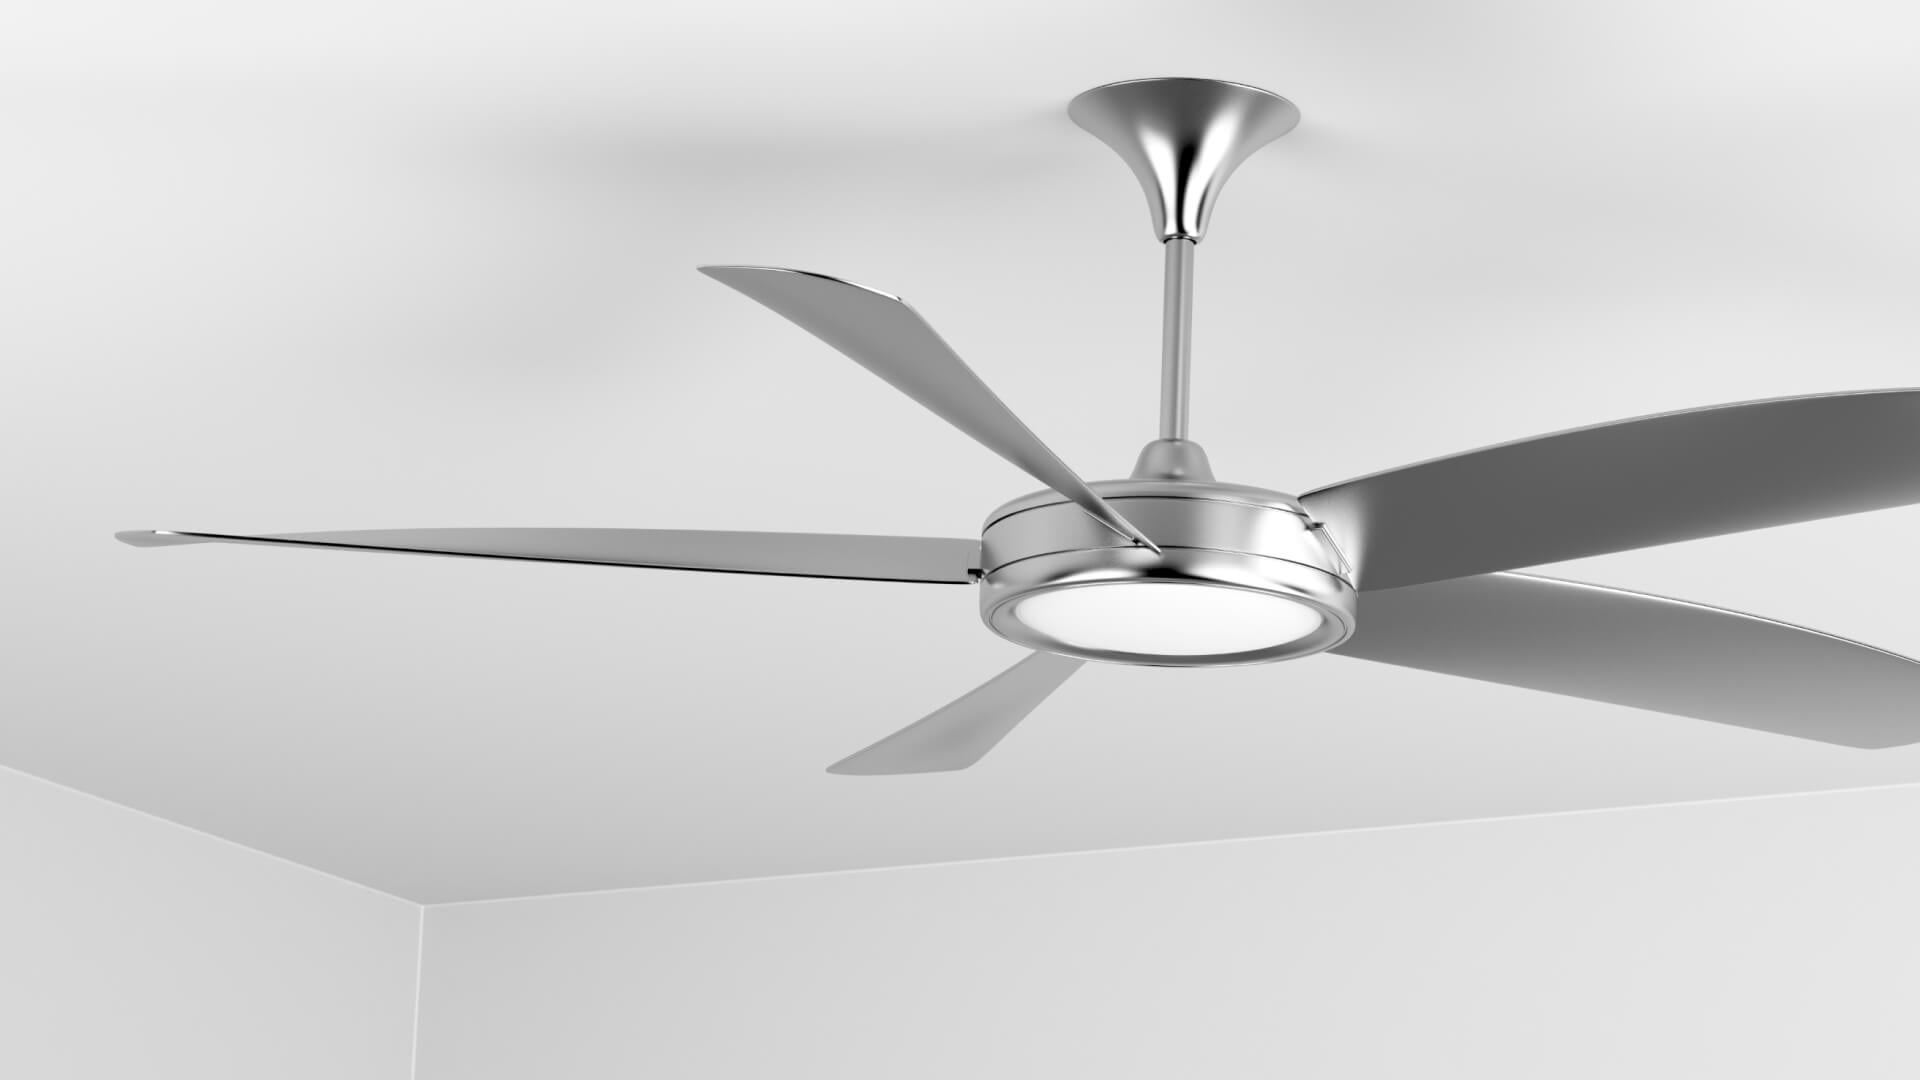 An image of a ceiling fan in a white room.
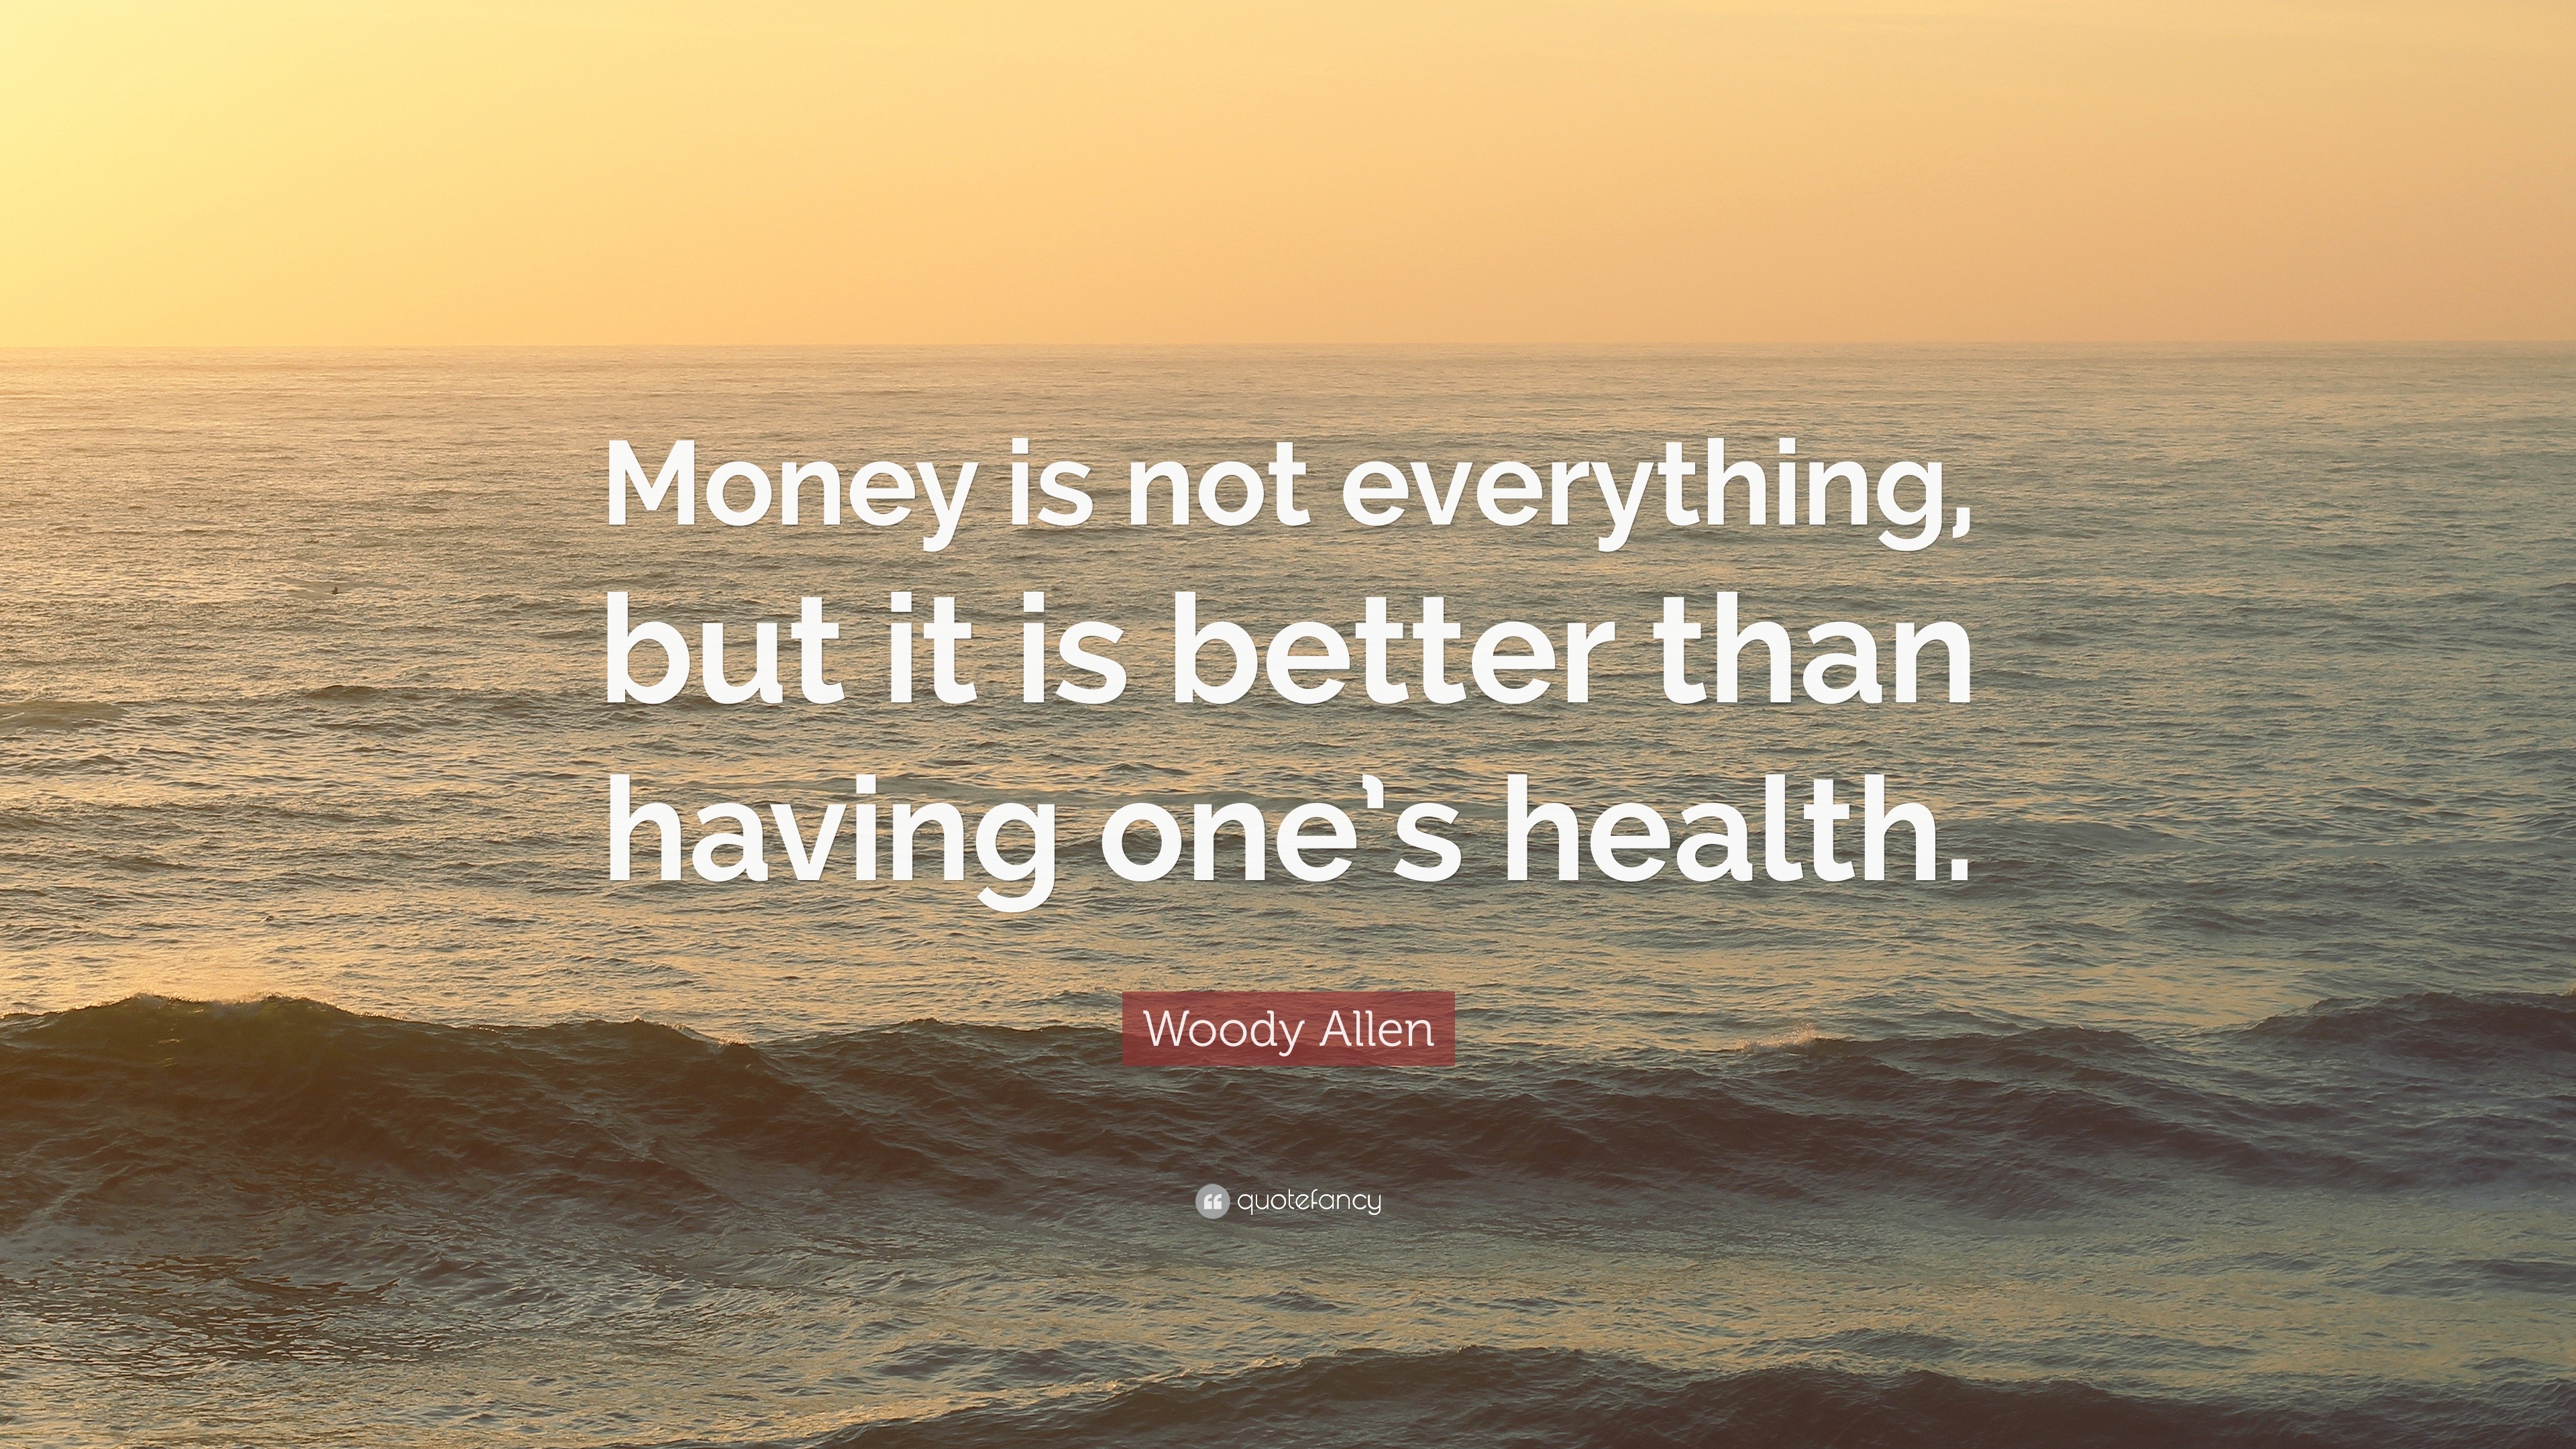 Woody Allen Quote: "Money is not everything, but it is better than having one's health."
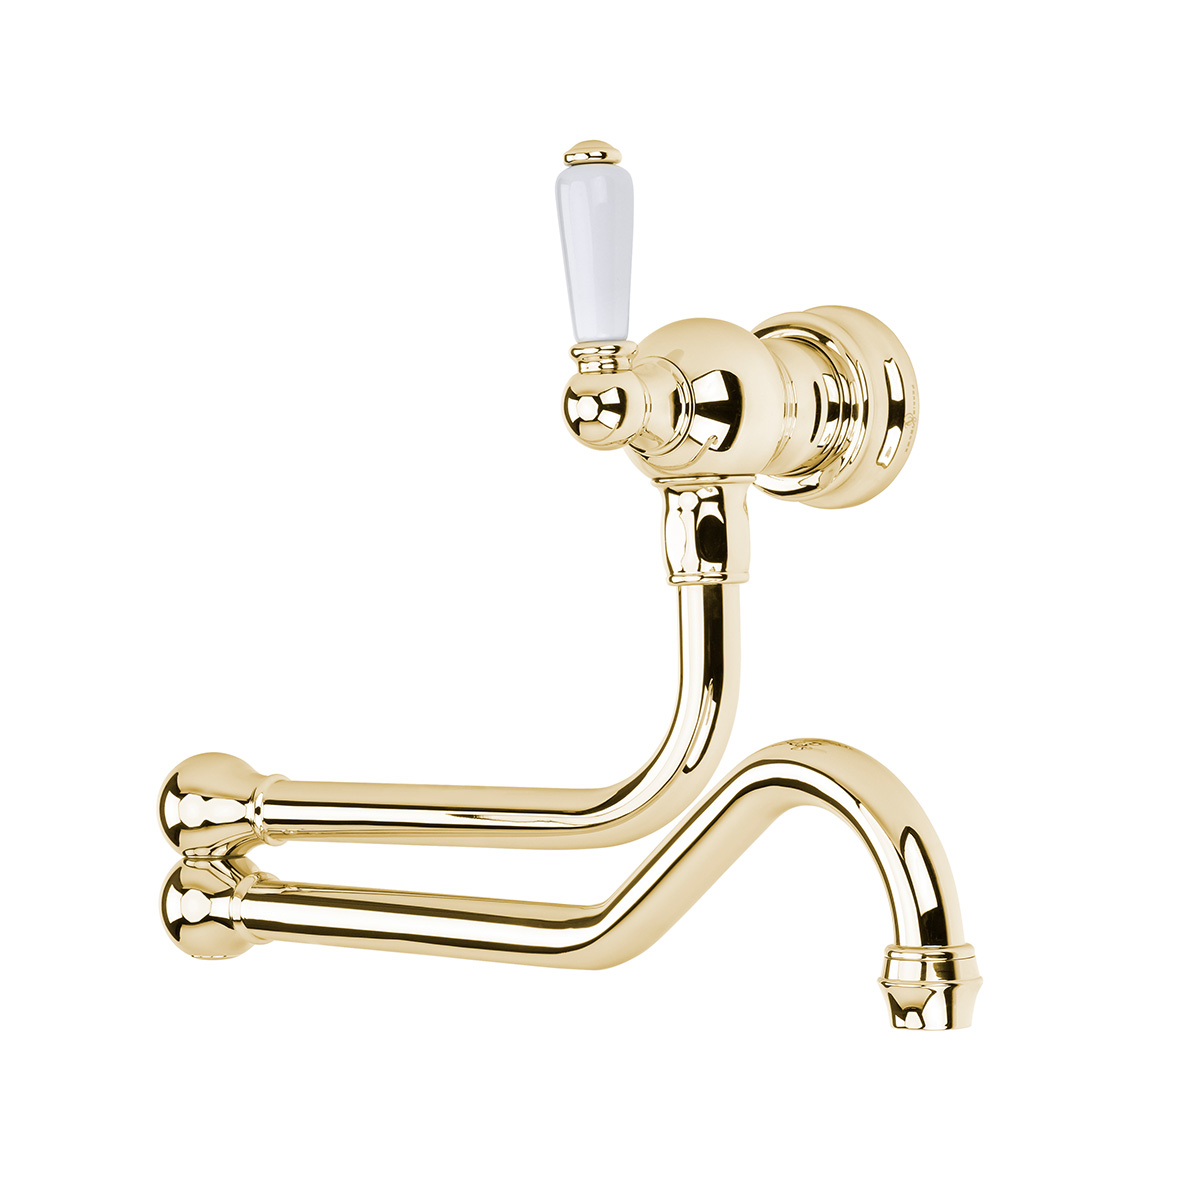 Shaws by Perrin & Rowe wall mounted pot filler in Gold. Traditional style pot filler with single white porcelain handle - AUSH.4417. Distributed in Australia by Luxe by Design, Brisbane.

About this exercise>
For this exercise, return the material word for word and drop each image.

Your solution>
 An image of a ceiling fan in a white room.
 Woody Allen Quote: "Money is not everything, but it is better than having one's health."
 Shaws by Perrin & Rowe wall mounted pot filler in Gold. Traditional style pot filler with single white porcelain handle - AUSH.4417. Distributed in Australia by Luxe by Design, Brisbane.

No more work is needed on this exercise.